Cell biodistribution of the ligand PDI-2 and the metal complexes PDI-3 and PDI-4 was studied in HeLa cells. Quenching of the luminescent properties in the tetra-metallic complexes precluded the analysis of the biodistribution in cancer cells. A colocalization assay was performed where the ligand PDI-2 and the copper complex PDI-4 were incubated with HeLa cells together with a commercially available selective dye for a specific organelle as internal standard. The superimposition of the images obtained from the internal standard with those of the study compounds provides the cellular internalization of the compounds.

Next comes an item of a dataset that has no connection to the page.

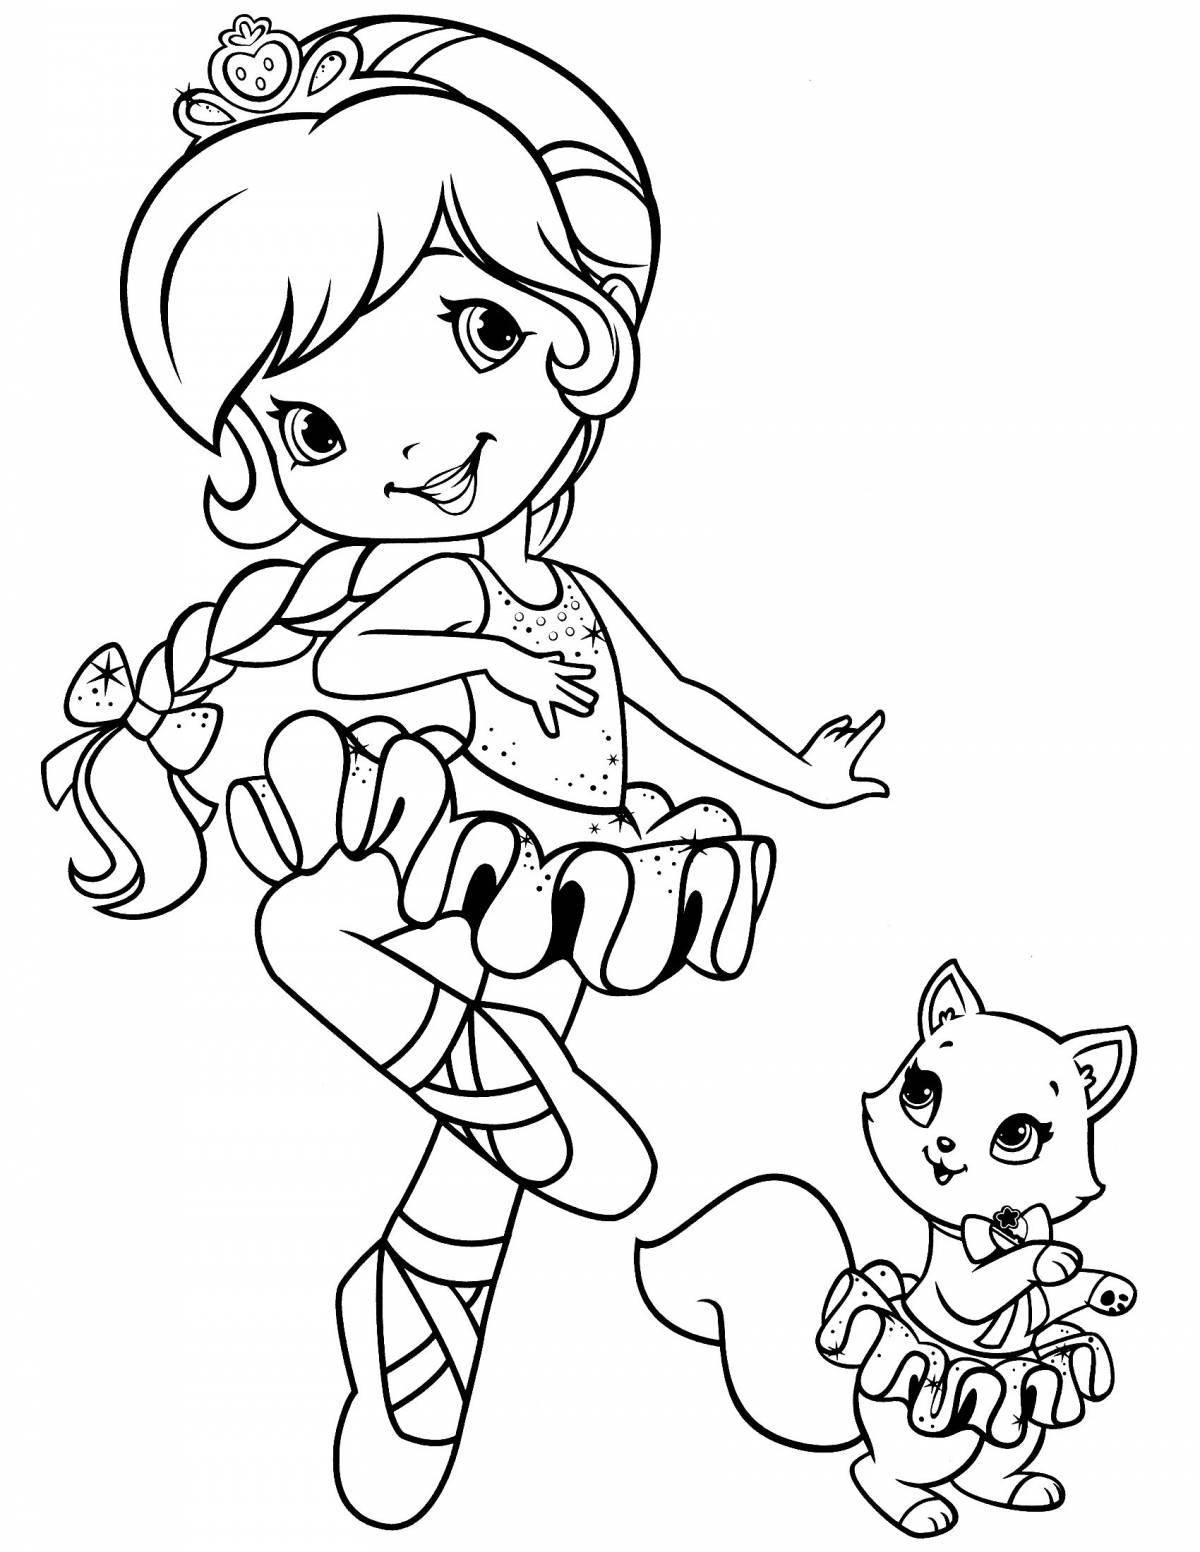 Fabulous charlotte strawberry coloring pages for girls

As many of these small molecules enter the cell with a passive transport and localize in the lysosomes, the colocalization experiment was performed using the LysoTracker Green with a different emission energy from the compounds. Figure 7 shows the emission inside the cells of the ligand and copper complexes in red, and in green the emission of the LysoTracker and the superimposition images, observing a slightly different emission pattern for each compound.

The PDI-2 ligand presents a lower internalization inside the cells than the corresponding metal complexes, and all of them spread through the cytoplasm of the cell, non-entering in the nucleus. It can be observed in the superimposition images that neither the ligand or the complexes colocalized with the signal emitted by LysoTracker, indicating the absence of a lysosomal localization.

In an attempt to elucidate the biodistribution and considering the previous experiment, compounds were incubated in HeLa cells for 2 h and MitoTracker Green, a mitochondrial selective dye, was added as internal standard. Mitochondria is an important biological target and several metal complexes targeting mitochondria have been encountered. Superimposition of the images reveals a partial mitochondrial localization for the ligand PDI-2 and the copper complex PDI-4 (Figure 8). Additionally, small spots near the nuclear region that do not match with the mitochondrial biodistribution can be observed. This accumulation may point to a localization in the Golgi apparatus, although further experiments with this specific dye as internal standard should be performed.

4. Conclusions

We report the synthesis of perylenediimide (PDI) derivatives bearing one or four dipyridylamino fragments with the purpose of studying the coordination properties to silver and copper phosphine complexes. These ligands coordinate to the metal fragments in a chelate fashion and mononuclear or tetranuclear complexes have been achieved. As perylenediimides are very interesting chromophore groups, the photophysical properties of the ligands and complexes have been studied. The coordination of the metal center did not reveal a significant effect on the emission energy in the complexes, which are mainly based on the PDI ligands, although a higher quantum yield was observed upon coordination of the metal complexes. For the tetranuclear silver or copper derivatives, quenching of the luminescence was observed.

The antiproliferative effect of the free perylenediimide ligand and the metal complexes against the cervix cancer cell line HeLa was determined by the MTT assay. The free perylenediimide ligands exhibit a moderate cytotoxic activity, but the coordination of silver or copper to the dypyridylamino fragment greatly enhanced the activity, suggesting a synergistic effect between the two fragments. Flow cytometry experiments showed that the metal complexes induce an apoptotic cell death. To assert the cellular biodistribution of the PDIs and the complexes, a colocalization experiment using specific dyes for the lysosomes or mitochondria as internal standards revealed a major internalization inside the cell for the metal complexes as well as a partial mitochondrial localization.